Worms had chewed the volumes thick covers, but the brass clasps and studs were in good shape. The double columns of Latin words on vellum pages were remarkably neat and highly legible, and Stevens marvelled that the hand which traced those lines in all their beauty has a thousand years since moulded into dust that the mighty waves of more than thirty generations have risen, rolled onward, and died upon the writers grave. The little characters inscribed on that parchment have enclosed for ten centuries, the thoughts of the illustrious dead, speaking to the eye now, as [they] did a thousand years back, the same sentiments of piety and truth; while the name, the habitation, the tomb even of the writer have, for ages, been buried in oblivion! How wonderful is the power of letters! We enjoy hourly their benefit, we seldom reflect upon their worth. Their origin is lost in the remotest antiquity.

Stevens then presented verse by a writer he identified only as Breboeuf:

Whence did the wondrous mystic art arise,
Of painting SPEECH , and speaking to the eyes?
That we, by tracing magic lines, are taught
How both to colour and embody THOUGHT ?

In 1803, thirty-seven years before Stevens thus praised the miracle of handwriting already so routine among the literate they thought about it little more than about breathing Thomas Astle, keeper of records in the Tower of London, declared, The noblest acquisition of mankind is SPEECH, and the most useful art is WRITING. The first eminently distinguishes MAN from the brute creation; the second from uncivilized savages. After quoting those same lines by Monsieur Breboeuf, Astle took a 240-page stab at explaining whence the mystic art arose and how it was that, over thousands of years, it had reached a state of such excellence that, with goose quill in hand and inkpot at the ready, he could race his linked and slanted letters across paper made from boiled shreds of rags. That paper, he enthused, surpasses all other materials for ease and convenience of writing upon.

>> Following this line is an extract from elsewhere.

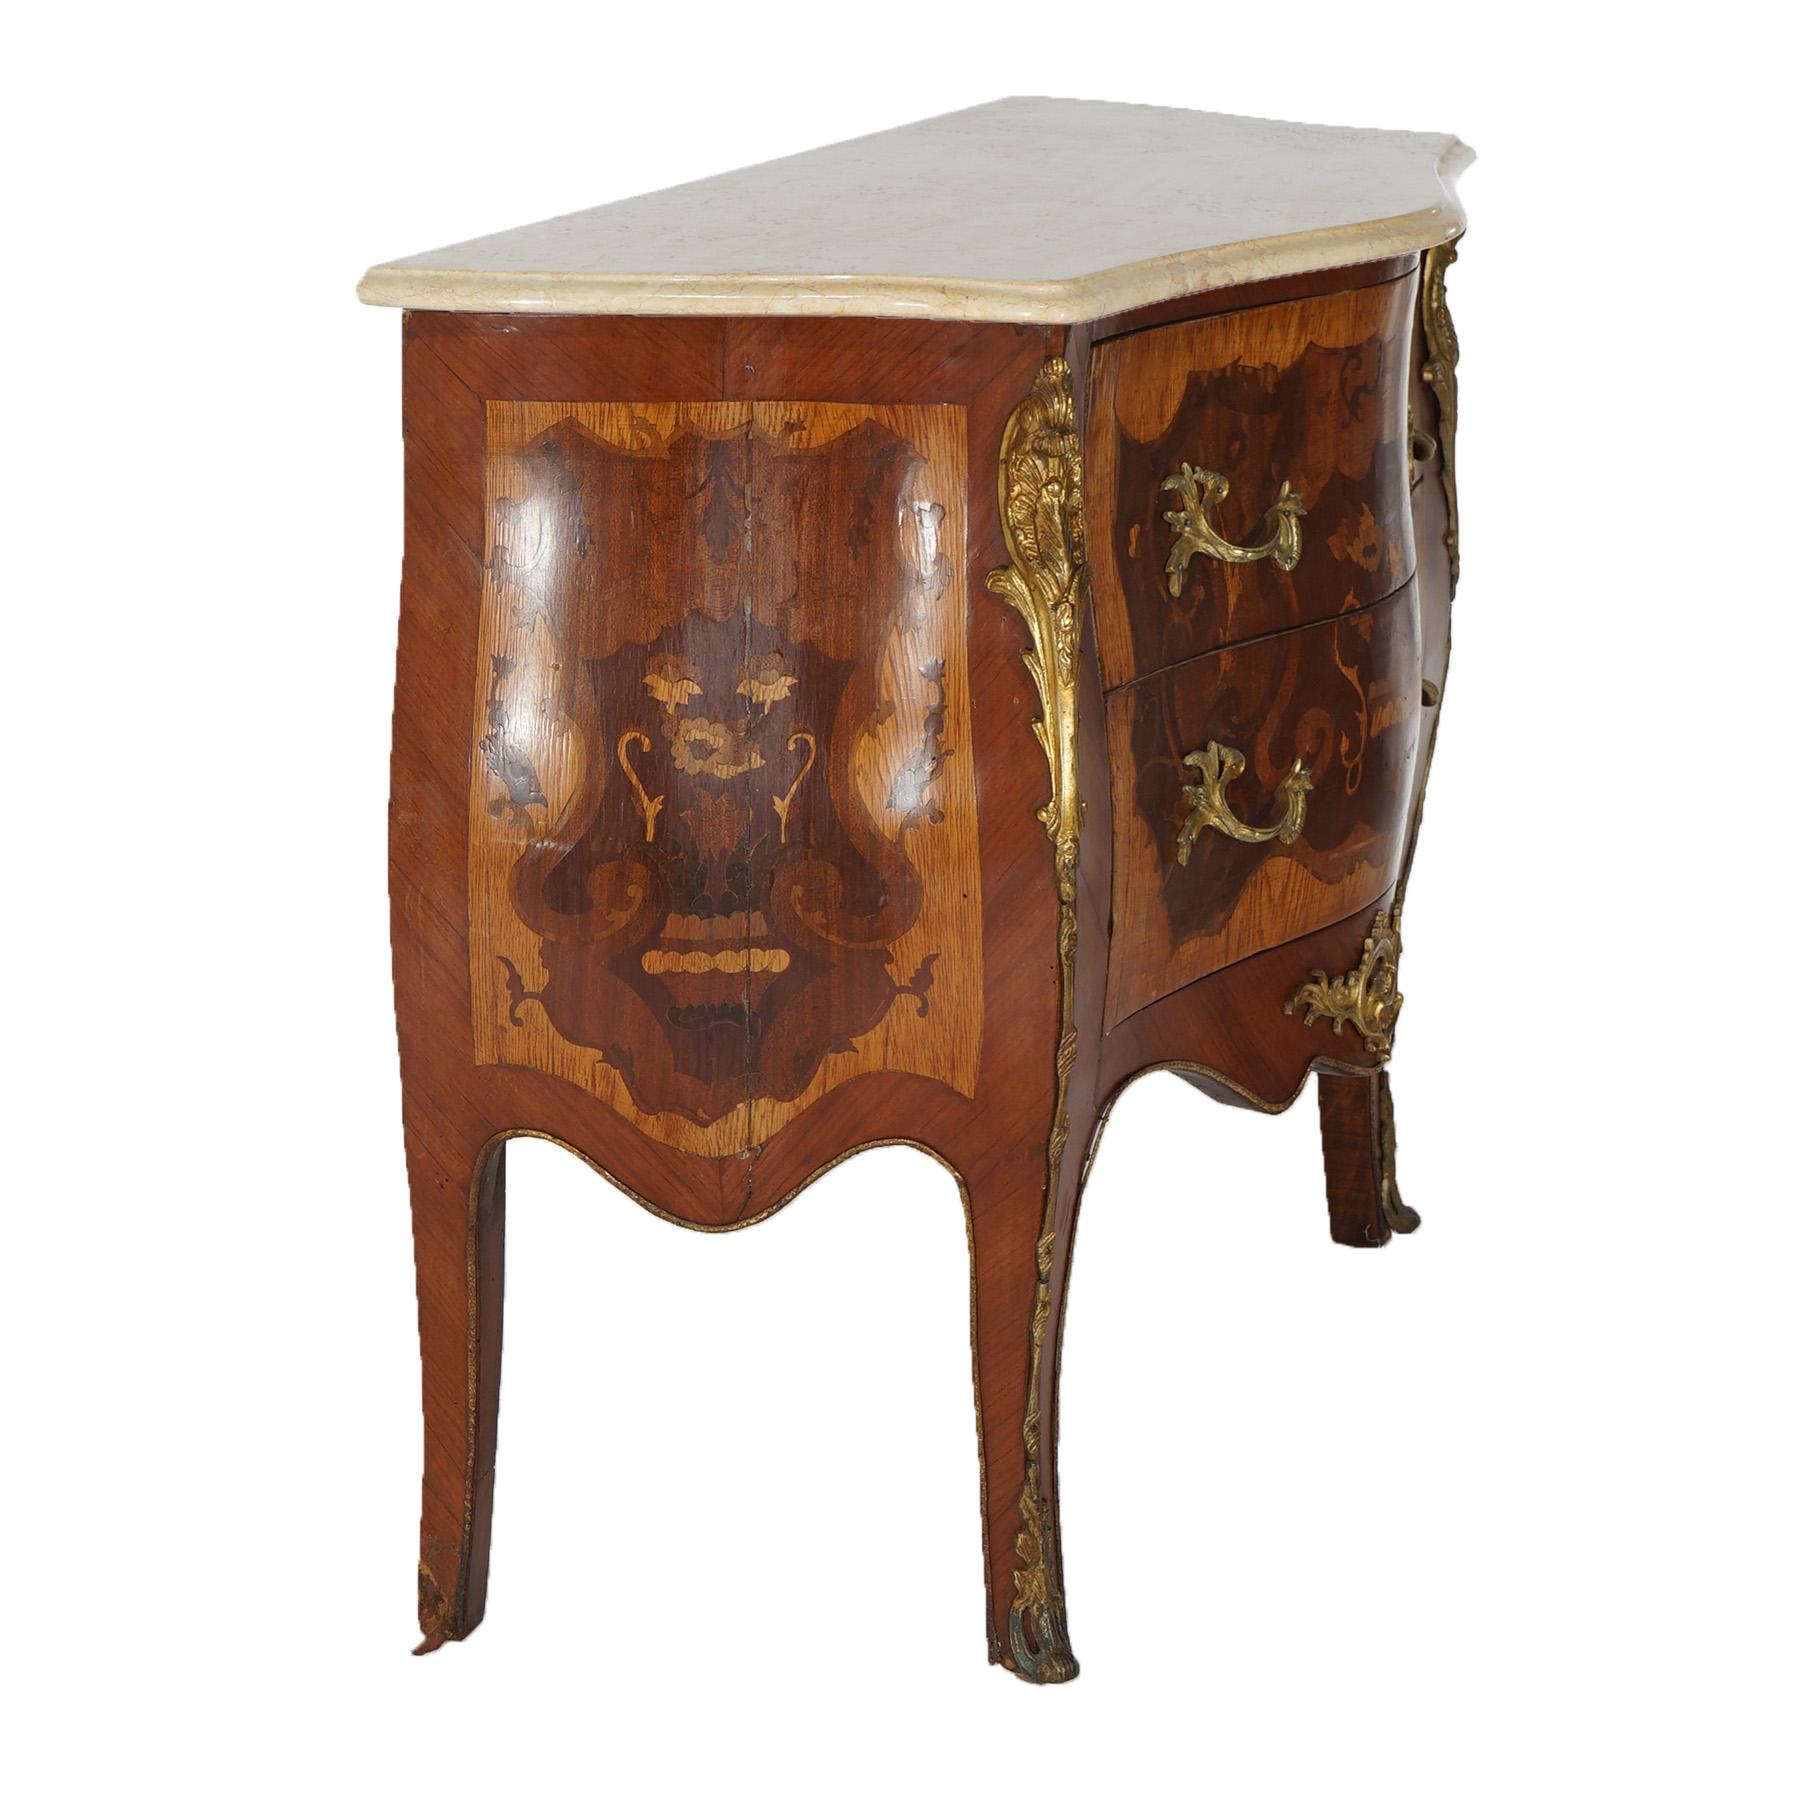 Antique Louis XV Style Marble, Ormolu, Satinwood & Kingwood Inlaid Commode 20thC For Sale 4

But it was upon stone that humans left the earliest known evidence of their compulsion to express themselves and to do so in ways that would one day speak to the eyes of those who walked on the moon, performed open-heart surgery, defeated computers at chess, and gossiped on cellphones. On shadowy walls roughly thirty thousand years ago, cave dwellers engraved and painted graceful images of lions, bears, bulls, bison, wild oxen, reindeer, horses, and fuzzy rhinoceroses. No one knows for sure why they did this, but in 1970 handwriting historian Alfred J. Fairbank declared, The beginnings of writing are in simple pictures. Picture-writing was used to help memory or identify possessions or to make records of transactions, but its link with language was the key to civilization.

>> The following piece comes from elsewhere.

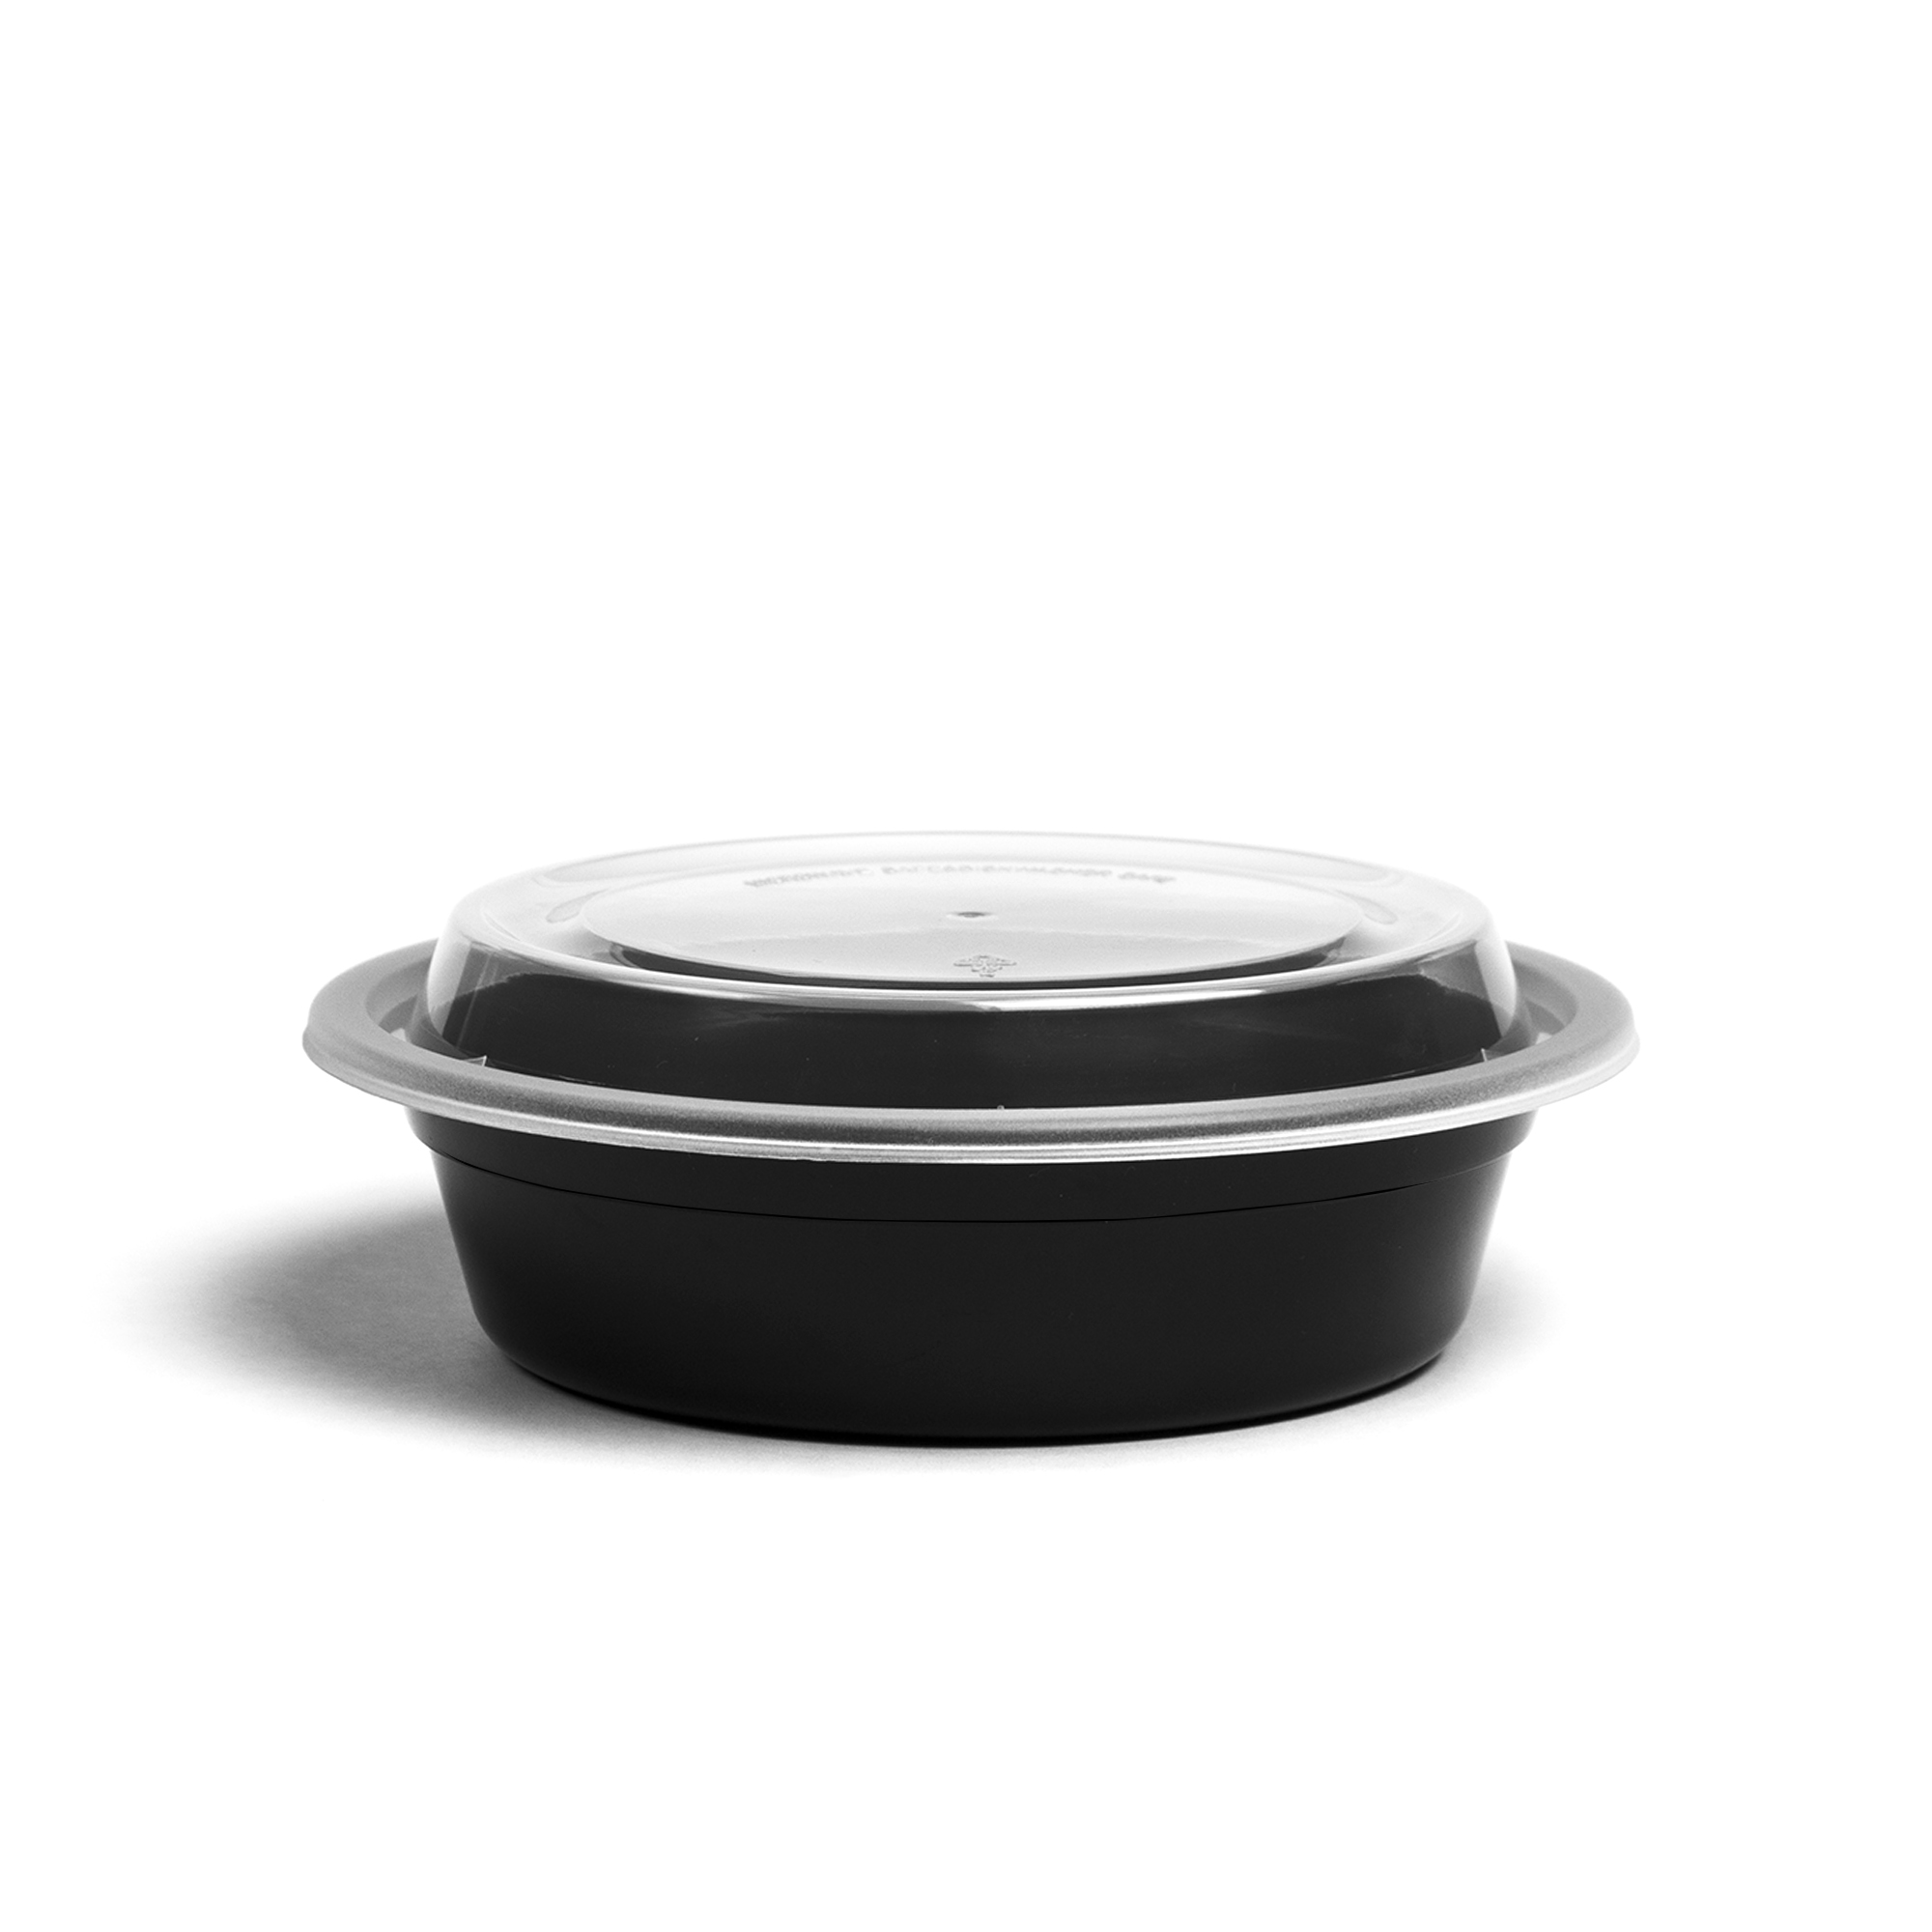 Plastic Food Containers: Meal Prep Containers Round 32oz Black

For the Indians, Mexicans, Phoenicians, Hittites, Babylonians, Assyrians, Ethiopians, Etruscans, and, indeed, virtually all the ancient civilizations, hieroglyphic scripts in which pictures of people, animals, birds, tools, and other familiar things each stood for the sound of a word or syllable were the pioneers of written language. Roughly nine thousand years ago, when the population of the world was no more than five million, the Middle East and Far East knew so little about each other they might as well have been in different galaxies. Yet the peoples of the Tigris and Euphrates basins and those of the Peiligang culture in what is now Henan province in northern China were both raising farm animals, growing grain, making pottery, and relying on their own systems of visual symbols, usually carved or scratched into hard surfaces, to record and convey information they could not trust their memories to preserve.

Among the human remains in twenty-four of the graves that archaeologists recently unearthed in Henan were tortoise shells that bore sixteen different inscriptions. These are anywhere from 8,200 to 8,600 years old. Since they include markings that resemble the characters of eye, sun, day, window, and numbers in certain Chinese writing of more than five thousand years later, some scholars see them as proof that, eons before any other civilization, the Chinese invented writing. Others argue that the inscriptions are little more than a bunch of prehistoric pictures.